I’m a huge Fountains of Wayne fan and I honestly could not tell you what Adam Schlesinger looks like whereas I can vouch that Al can’t go to a restaurant without everyone whispering about the celebrity in their midst. 


“Skipper Dan” was designed as a Weezer pastiche and while I was into Weezer back in the day, my brain refuses to see it as anything other than a tribute to the wry story songs and infectious power pop of Fountains of Wayne. 

“Skipper Dan” is a fascinating and refreshing anomaly in that it feels less like comedy music, where the comedy aspect is as important and central as the music, and more like an infectious rock and roll song that just happens to be funny. The humor in the song is subtler and more melancholy than Al’s usual fare. Instead of being rooted in insanity of the harmless and exceedingly harmful variety or obsession, it’s rooted in an unexpectedly life-sized sense of personal and professional disappointment.

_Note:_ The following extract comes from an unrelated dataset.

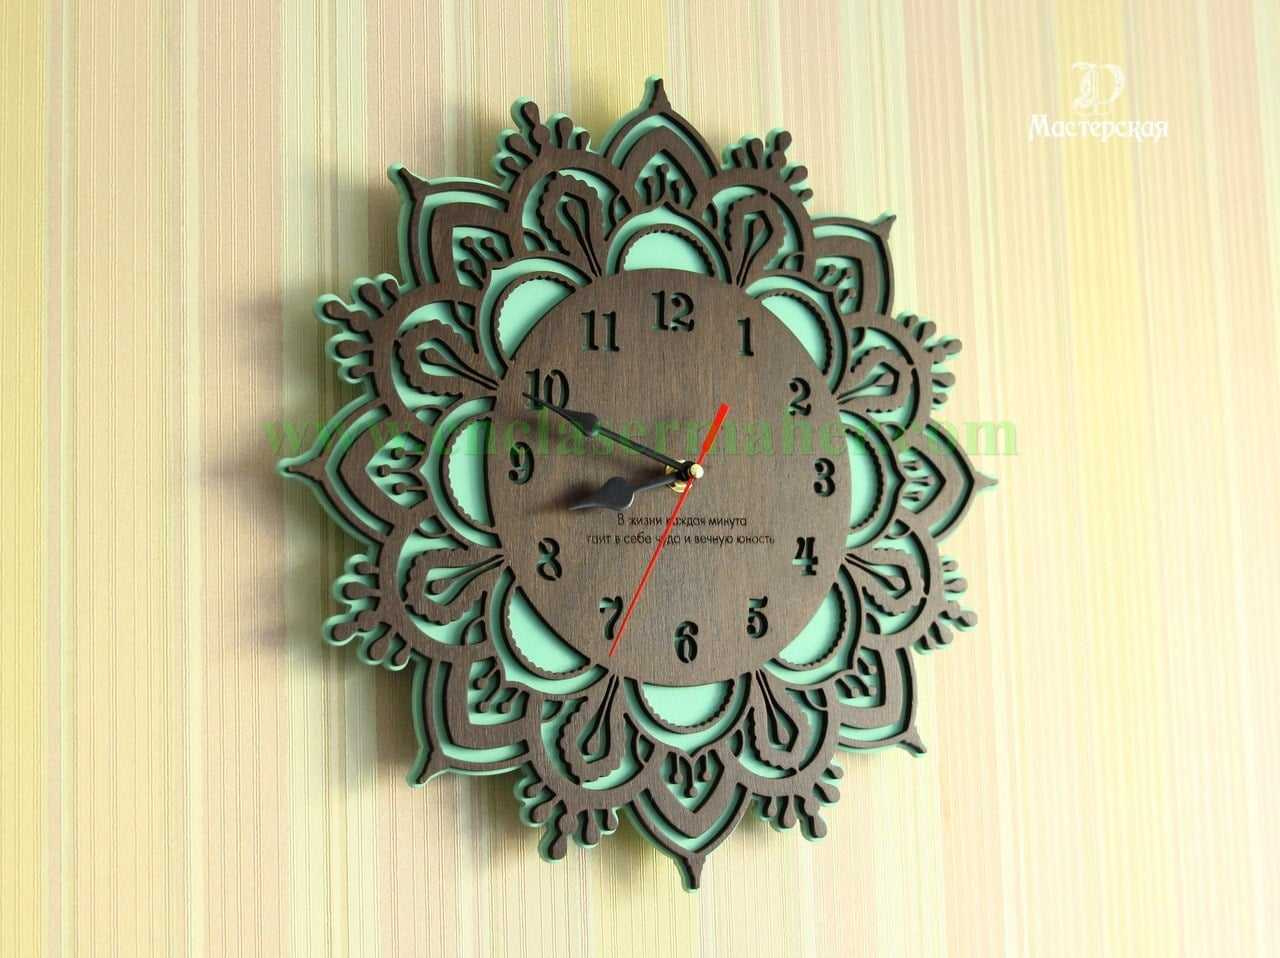 ساعت دیواری چوبی طرح رایگان دستگاه برش و حکاکی لیزر co2

This agreeably off-brand sleeper doesn’t introduce its central comic conceit until over a minute has passed. We start off slowly, with the titular thespian radiating all the promise and potential in the world as not just any old aspiring actor but as a future giant of the stage and screen, a high school theater superstar, Juilliard graduate (like Al himself, he graduates valedictorian) and acting-class virtuoso destined for great things, for glamorous photo shoots and Tarantino movies and Broadway glory. 

Yes, the under-employed thespian kvetching to us in song is full of hope, big dreams and great expectations that die a painful, unmourned public death when the best he can manage as an actor is prostituting his talents for a humiliating but consistent payday as tour guide “Skipper Dan” on the Jungle Cruise Ride at a theme park prison known as Adventure Land. 


The gig's vague proximity to actual acting somehow just seems to make everything worse. This is an artist whose suffering soul angrily demands to recite Shakespeare in front of rapt crowds yet he’s stuck telling the same abysmal jokes over and over again, dying a little more inside with every canned wisecrack and endlessly repeated faux-ad-lib. 

The delightful digital single and highlight of both Internet Leaks and Alpocalypse finds Al eschewing the usual trash and low-culture signifiers, like Brady Bunch and fast food in favor of uncharacteristically middlebrow, and even highbrow references to actress/acting teacher/author Uta Hagen, David Mamet's Speed the Plow and celebrity photographer Annie Leibovitz.

My stupid brain refuses to buy this as anything other than a Fountains of Wayne riff because one of the things I love about the group is its genius in combining humor with deep sadness and virtuoso song craft as Al does here. To be honest, I think “Skipper Dan” is just too good to be a pastiche of a second-rate band like Weezer but it perfectly captures the literate sadness that makes Fountains of Wayne so special, albeit to a cult a fraction the size of Al’s audience, both in terms of casual fans of his parodies and the die-hards who flocked to Al’s last tour.